Quantas vezes ouvi, em tom de velada repreensão, sábias vozes femininas, dizerem que o lugar da mulher é no lar, especialmente se a nobre tarefa da maternidade lhe bateu à porta.
Não foi exactamente esse o rumo que segui, e pela escolha, também não carrego culpa.
Tenho duas filhas, já adultas, e hoje posso dizer-lhes sem facilitismos, ou palavras bonitas, porque é que nem sempre, fui tão doce quanto gostariam, e porque é que impunemente, de quando em vez, o “NÃO” perentório, escamoteava as minhas inseguranças.
O mundo da forma que está, não foi feito para facilitar a minha tarefa de mãe-trabalhadora.

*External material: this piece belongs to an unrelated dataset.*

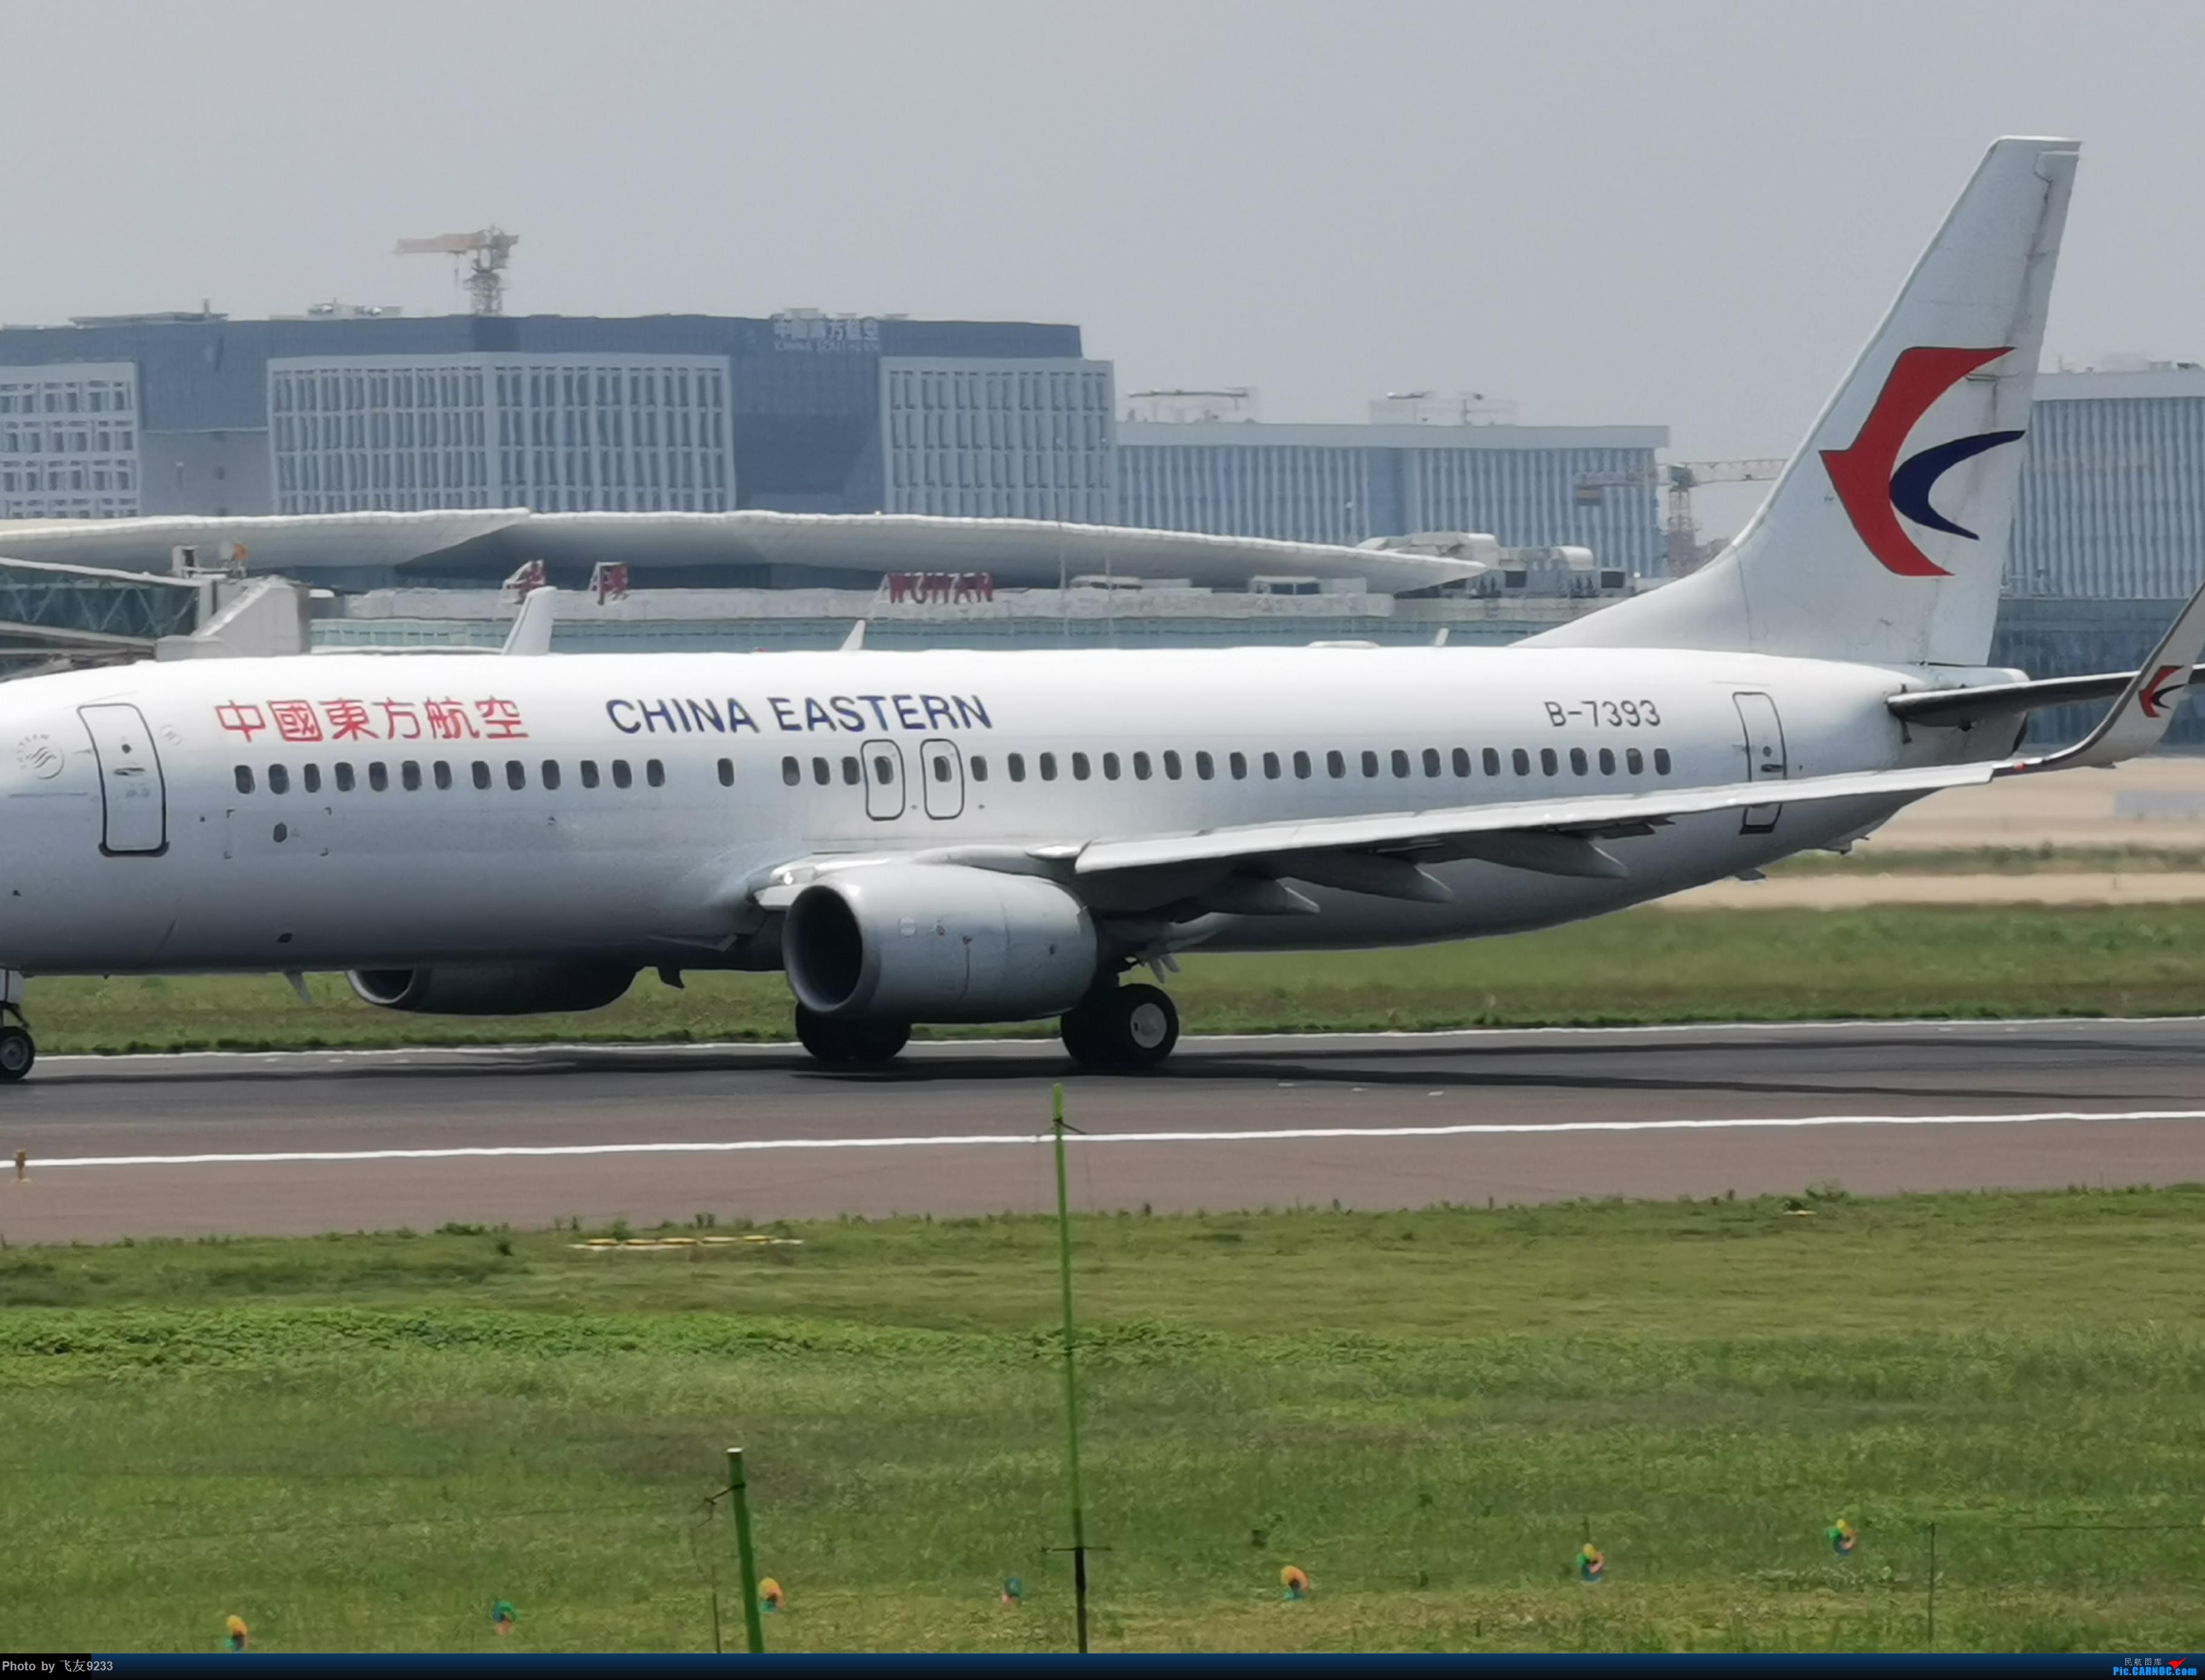 Re:[原创]武汉天河拍机之旅 BOEING 737-800 B-7393 中国武汉天河国际机场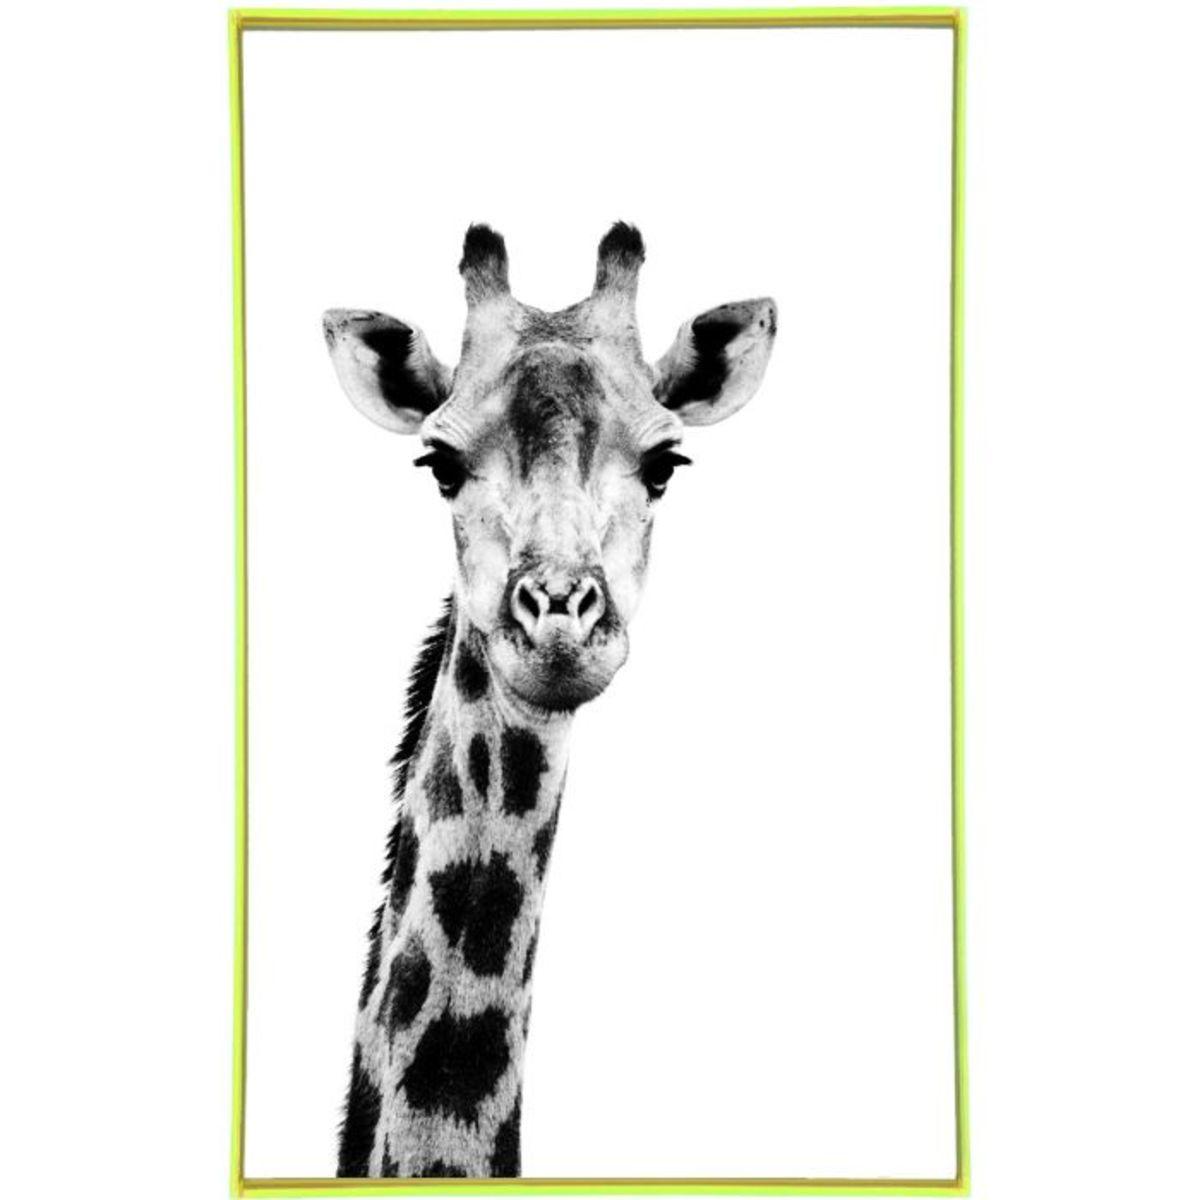 Fudje frame it black and white giraffe print on canvas for Best black and white prints

Quando engravidei da minha primeira filha, a ideia de parar de trabalhar, nem me passou pela cabeça.Primeiro porque precisava de dinheiro, e ainda mais, depois de a ter nos braços... O trabalho era parte integrante de minha vida, bem como a empreitada materna, estando descartada a hipótese de eliminar qualquer uma destas obrigações.
Sei da luta interior, que enfrentei, para me permitir aquilo que para qualquer homem, é apenas um processo natural: o direito ao trabalho.
Decidi por isso, que trabalho e eu viveríamos em comunhão, tentando a maior harmonia possível.
E foi a partir do momento, em que a minha primeira filha nasceu, que comecei a educá-la.
Não ensinei a um bébé de um dia, elementos de etiqueta, não lhe disse que não deveria pôr o dedinho no nariz, mas iniciei logo um processo de amor, e que ela era muito amada, e essa era razão, fundamental da sua presença no mundo.
E daí por diante, quando decidi que teria mais filhos, e nasce a minha segunda filha, o processo desenvolve-se de forma natural, sempre a fazer questão de transmitir que o trabalho da mãe, não era, nem nunca se tornaria num empecilho, que pudesse de algum modo, sobrepor-se ao amor que por elas tinha.
Quantas vezes ao ir para o trabalho, as duas me pediam para não ir e para ficar com elas a brincar, quantas vezes, quando alguma delas, doente, teve que ficar com alguma das avós, para eu passar o dia trancada no escritório? Cheguei a sentir-me a mais sinistra das mulheres.
Fiz questão de estar presente em pelo menos uma das refeições diárias, de acompanhar o trabalho da escola de estar com elas ao encerrar do dia , deitá-las na cama e combinar o fim de semana seguinte.
E pergunto-me agora, que mãe teria sido eu se tivesse deixado de trabalhar em prole das crianças?
Vejo-me estranhamente empobrecida. Sem trabalho teria sido por certo um ser humano mais pobre, dependente, e a dependência é sempre empobrecedora.
E estando eu reduzida ao pequeno mundo doméstico, que educação poderia trasmitir às minhas filhas? Não censuro todavia, as mães que por opção de vida entenderam que o melhor seria acompanhar os filhos desde o acordar, até à oração da noite.
Educação é palavra traiçoeira. Qualquer pessoa pode ser socialmente bem educada, sendo animicamente desprezível. É tempo de repensarmos o que quer dizer “educar”, e penso que essencialmente é o transmitir “um modo de vida”.
No meu conceito, as minhas filhas estão bem educadas, tornaram-se mulheres capazes, actuantes,dinâmicas, uma delas já é mãe, sem que para isso anulasse a sua participação na sociedade.
Não, não fui uma mãe ideal, e as minhas filhas até já descobriram o manancial dos meus defeitos, servem-se à fartazana, mas se eu não tivesse tido o meu próprio combóio, será que teria sido melhor educadora?
Juntas o dia inteiro, fermentaríamos os meus defeitos, num desgaste fatal para a nossa relação, e eu não ficaria mais mãe apenas pela kilometragem. Não creio que hoje conhecendo-me muito bem, me teçam um hino de louvores, mas vivo tranquila, pois o universo “dos bons modos”, é um problema que preocupa apenas as mentes dos “poucochinhos”!!!
Quero aqui também deixar uma palavra, ao amor de PAI, pois sem a sua ajuda, criar as mulheres que hoje temos, era tarefa bem mais difícil.